Product leadership requires exceptional decision-making skills. Depending on your team culture and environment, the number and difficulty of these decisions can vary. In agile development paradigms, key product decisions are made more frequently, with each sprint requiring clear action items. On decentralized/globalized development teams, product decisions tend to be more complicated. However, no matter your team’s specific situation, any decision you make will have negative ramifications if it is not informed by data.
Some product decisions are more trivial, such as what tool to use to create your roadmap. Others, however, are incredibly impactful, not just for your team but for the entire organization. Examples of these “big decisions” include whether to:
- Invest in a new market or segment
- “Buy or build” your product’s net new capability
- Move forward with your latest product launch
Any successful, product-driven organization uses data as the foundation for feature ideation and development. Often, the hard numbers will challenge your team’s thinking on how the customer is interacting with and experiencing the product. And this is a good thing. Any product manager who is the champion of their product knows that cognitive biases get in the way of good decision-making. That’s why it’s so imperative to apply data to every product decision.
In this article, I would like to share four key ways your team can use product data at various stages of the product development lifecycle.
Product hypothesis and discovery
Problem-solving is at the core of product management, and the average product person is dedicated to addressing their users’ main pain points. A PM’s role is to deliver creative solutions that have a measurable, positive impact on the customer’s goals. But how do you decide which problems are the most critical to solve? And how do you determine whether now is the time to craft a particular solution?
As you ideate on potential features and improvements, build hypotheses that you can validate with product data. Use these experiments to tell the story behind your customer’s specific problem and predict the impact solving it would have. All of this starts with identifying a pattern from the data you have/observe. Data is the foundation of your storyline and the basis for your product strategy.
Feedback loops and sampling analysis
Do you remember the Gmail BETA? Check out the Gmail email solution that’s now used by over a billion consumers and compare it with the 2004 product launch. The road from its initial form to its current version involved a huge amount of data analysis, likely in the forms of A/B testing, product usage analytics, and post-launch surveys. Over time, Google used this data to build an email solution that delights its users and makes their lives easier.
While these types of user testing are most common in B2C companies, B2B firms can also make use of them. In fact, a number of software companies offer design partner programs where they recruit customers to test and validate the features of a beta product before the product gets announced as GA (general availability) in the marketplace. Whether you work for a B2C or B2B organization, do your research and find opportunities to analyze data whenever you can.

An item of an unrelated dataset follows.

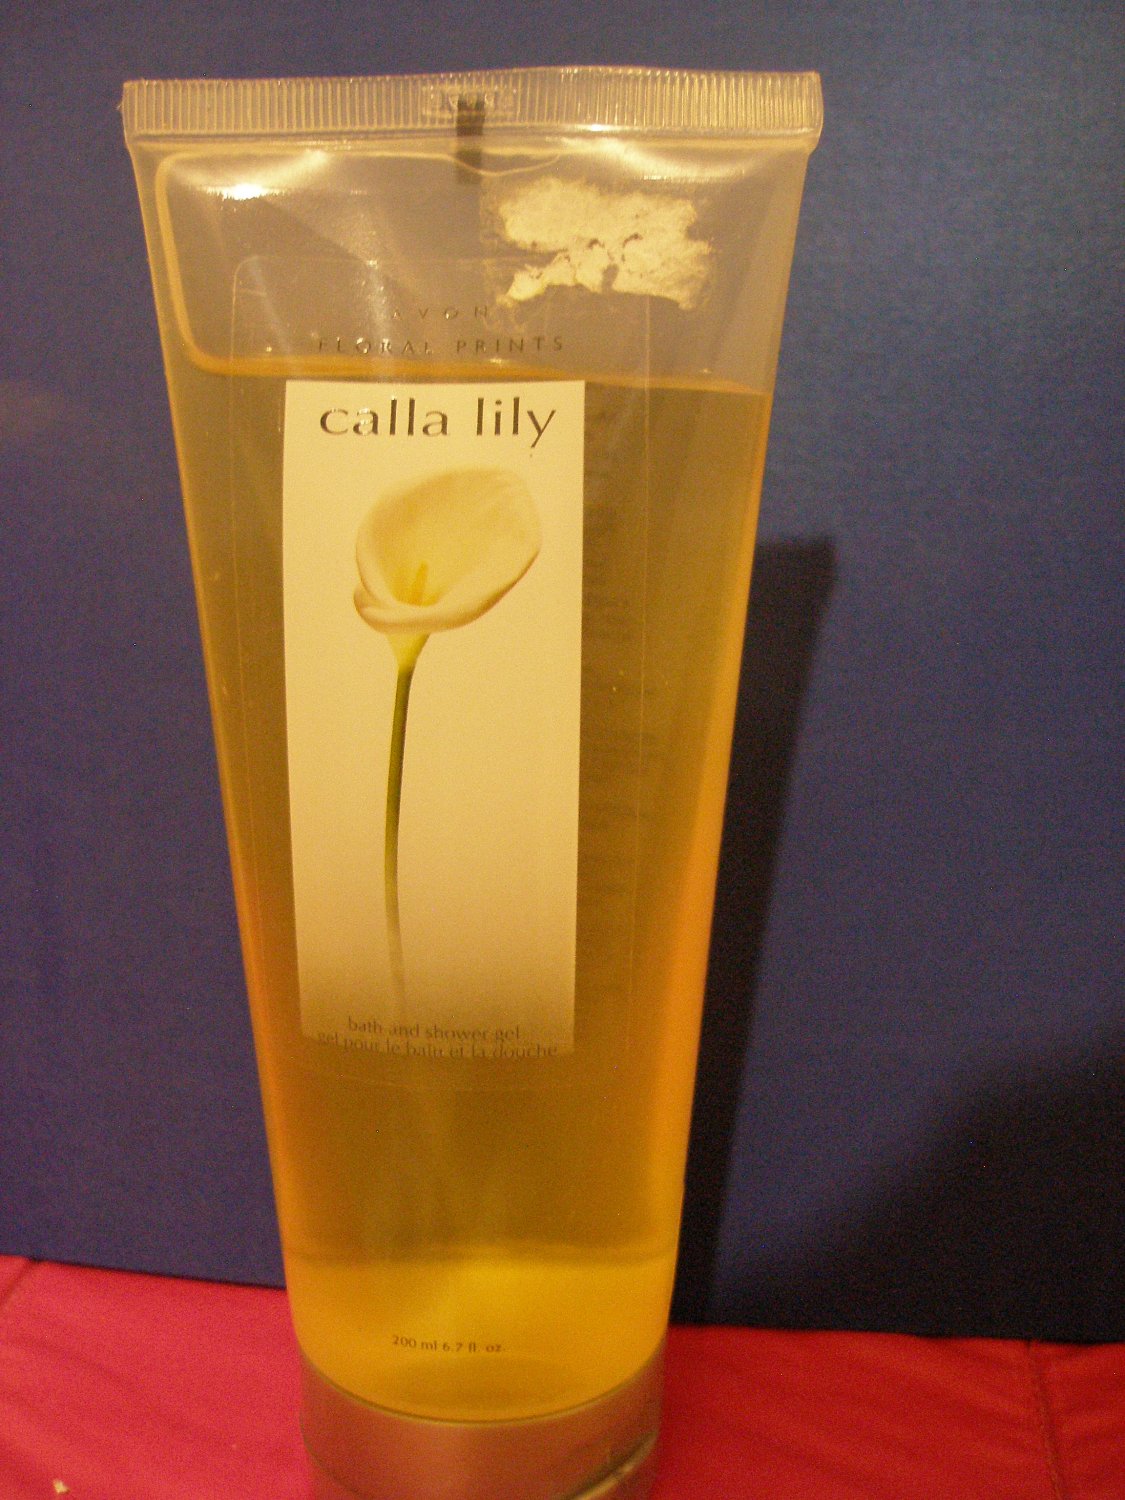 Avon Floral Prints Calla Lily Bath and Shower Gel
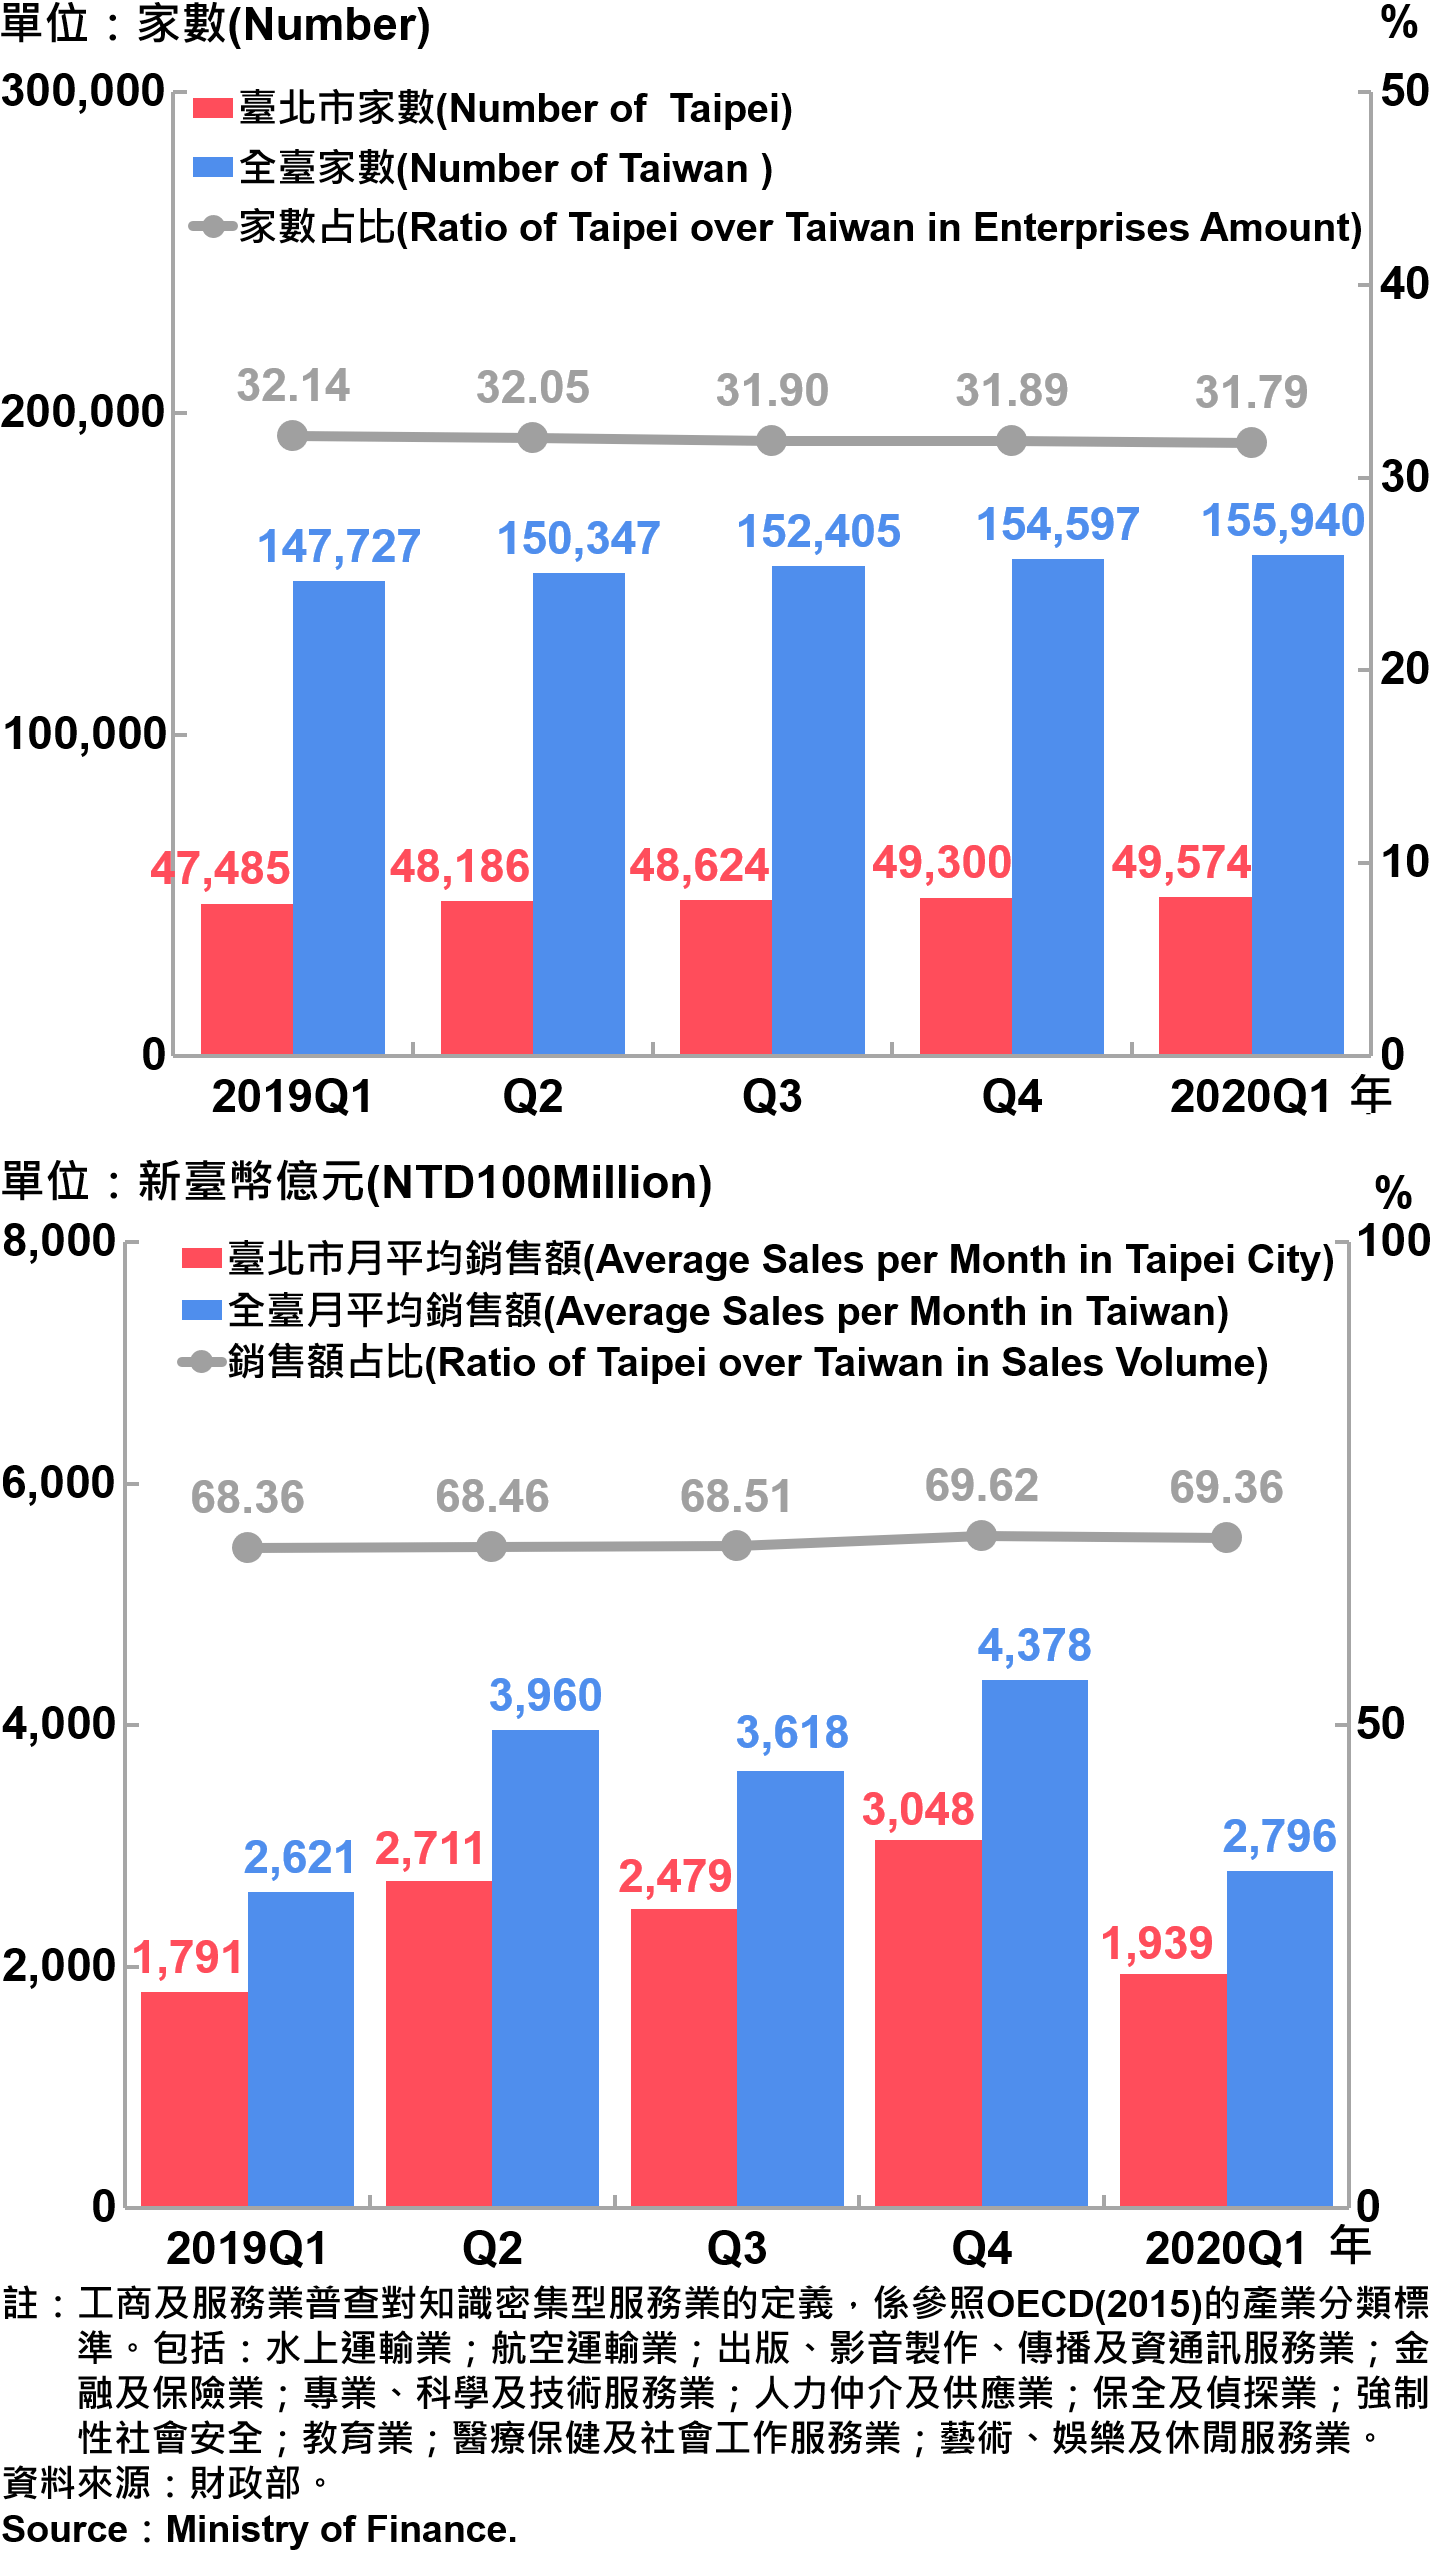 臺北市知識密集型服務業之家數及銷售額—2020Q1 Statistics Knowledge Intensive Service Industry in Taipei City—2020Q1

Data and behavioral analysis
I like to keep the following statement in mind when considering my product’s user experience: Harnessing behavioral data from customers on the usability of the product can drive net new CX flows. Product managers, UX researchers, and designers must collaborate to research and understand what customers need. Then, they should work together to envision solutions and infuse these insights into your product.
Customer experience or usability improvements should be based on data, not gut instinct. And remember that product management is not a solitary profession! Be ready and willing to accept ideas and even help from other departments. Their expertise can help you build a truly data-driven product.
Tracking, measuring, and reporting
In a B2B world, sales and marketing teams get applause for closing deals and building pipelines. However, at B2C firms, it is more about acquiring new customers. Other key metrics include usage frequency and retention, which both contribute to topline sales. But this wouldn’t be possible without the product features behind the scenes that drive adoption and conversion.
As a PM, you should define KPI and metrics which are quantifiable and measurable. This is true whether you work at a B2C or B2B firm. Next time you launch a new feature, measure these metrics that tie product engagement data to dollars and customer outcomes. Customer conversion, product retention, and engagement scores are just a few of the numbers you should track in order to make data-informed decisions.
Data over assumptions
“Without data, you’re just another person with an opinion” – W. Edwards Deming
The above quote from famed engineer, statistician, and author W. Edwards Deming is one I think of often. In its earlier days, product management was very much a field driven by gut instinct. Nowadays, PMs must make decisions based on data, not emotion. Luckily, we have more product data at our fingertips than ever before. Make the best use of your metrics and you’ll see positive outcomes in your product’s performance.